Light of My Life

See, what happened was we needed new light fixtures. It always starts with something simple, don't it? Call me crazy, but I'm just not loving the dingy, tilted, gold and glass chandeliers that came with the place. As much as I loved 1992, I don't need relive it. You only need to be 9 years old once.

The first light to go up is the kitchen one. Not because I hated this one the most, but because it's the only one that won't require a fire truck ladder, harness, and liquid courage to hang.

It's simple, it'll work, and it never saw Hammer Pants in style.

Chuck's taking the lead on this project. And let the games begin...I'm watching American Idol and I catch a glimps of Chuck unpacking the fixture. I immediately regret my decision to let him work unsupervised.
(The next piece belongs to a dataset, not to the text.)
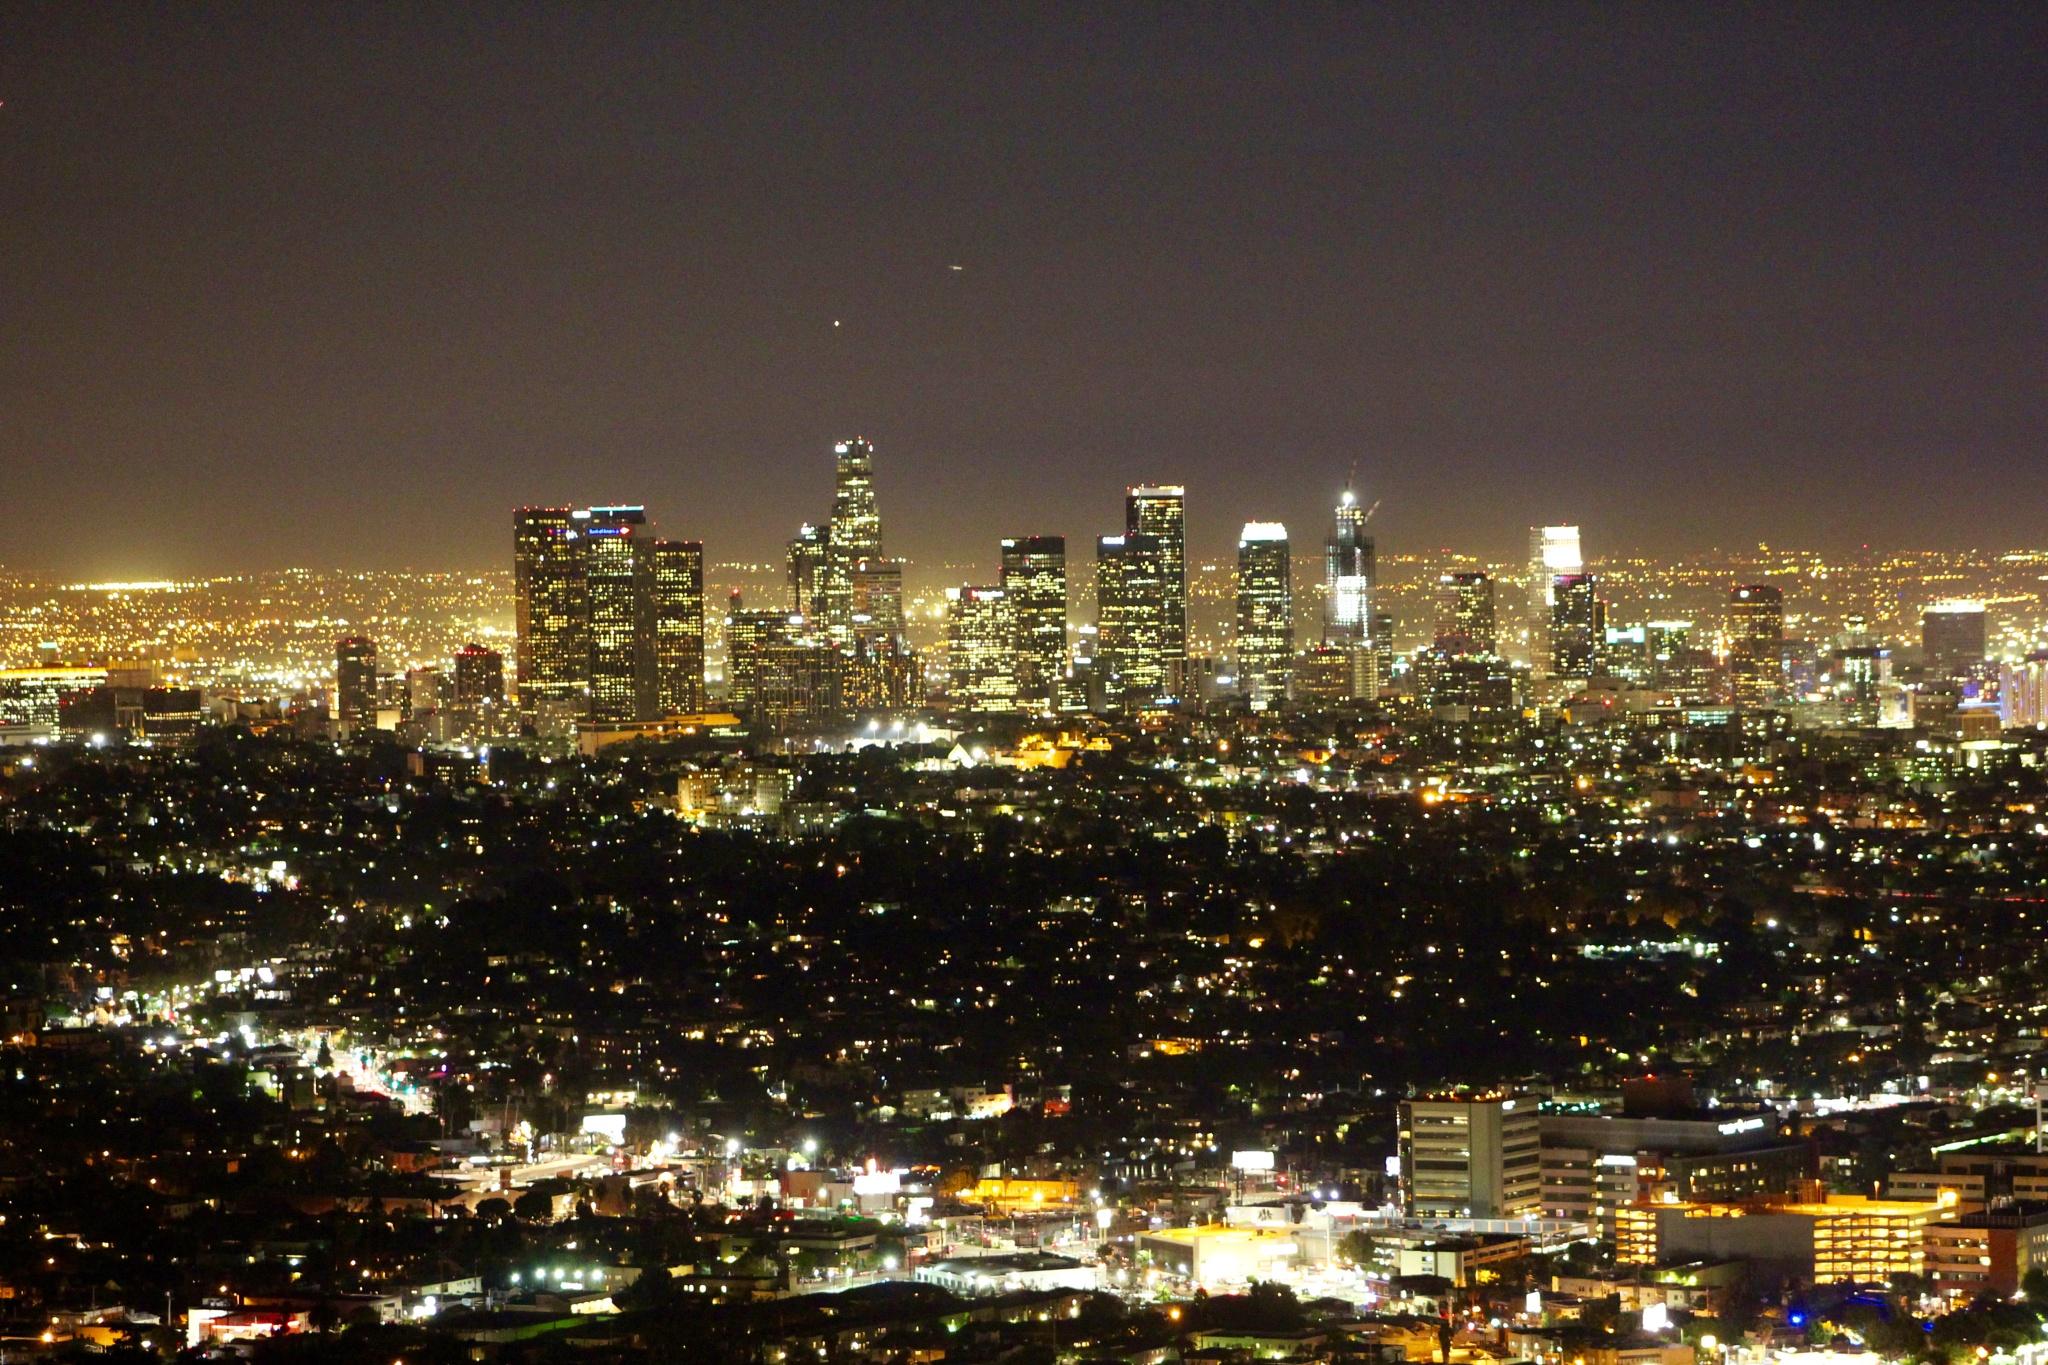 Los Angeles at night by Leunam Acevedo

I see him like this: Holding the base of the light and playing Greek Statue. I've said it before, I'll say it again. What an Adonis. And thus began the game "How many different uses can Chuck find for the glass bowl?"

Mushroom Chuck.

Safari Chuck. "What?! Ya'll never seen a fire fly??"

Breakfast of Champions Chuck (that'd probably be with Wheaties, not Corn Pops, but Chuck could use a few empty calories, so we'll forgive this.)

And Moses in the Reeds with Chuck. Jack didn't understand the urgency of being placed in the "basket". He wasn't loving the life saving gesture. It's clear to me that Jack would never have survived in Israel, being that he's the first born male and not interested in floating down the river to safety.

This is what happened unpacking light fixture number one. We still have to hang it and its 3 siblings. I don't want to know what he's planning. I don't. But I'll keep you posted.

1 comment:

  1. I found your blog again and am howling at Chuck's clever uses for your light fixture!


Tell me about it. Oh and thanks for validating my life.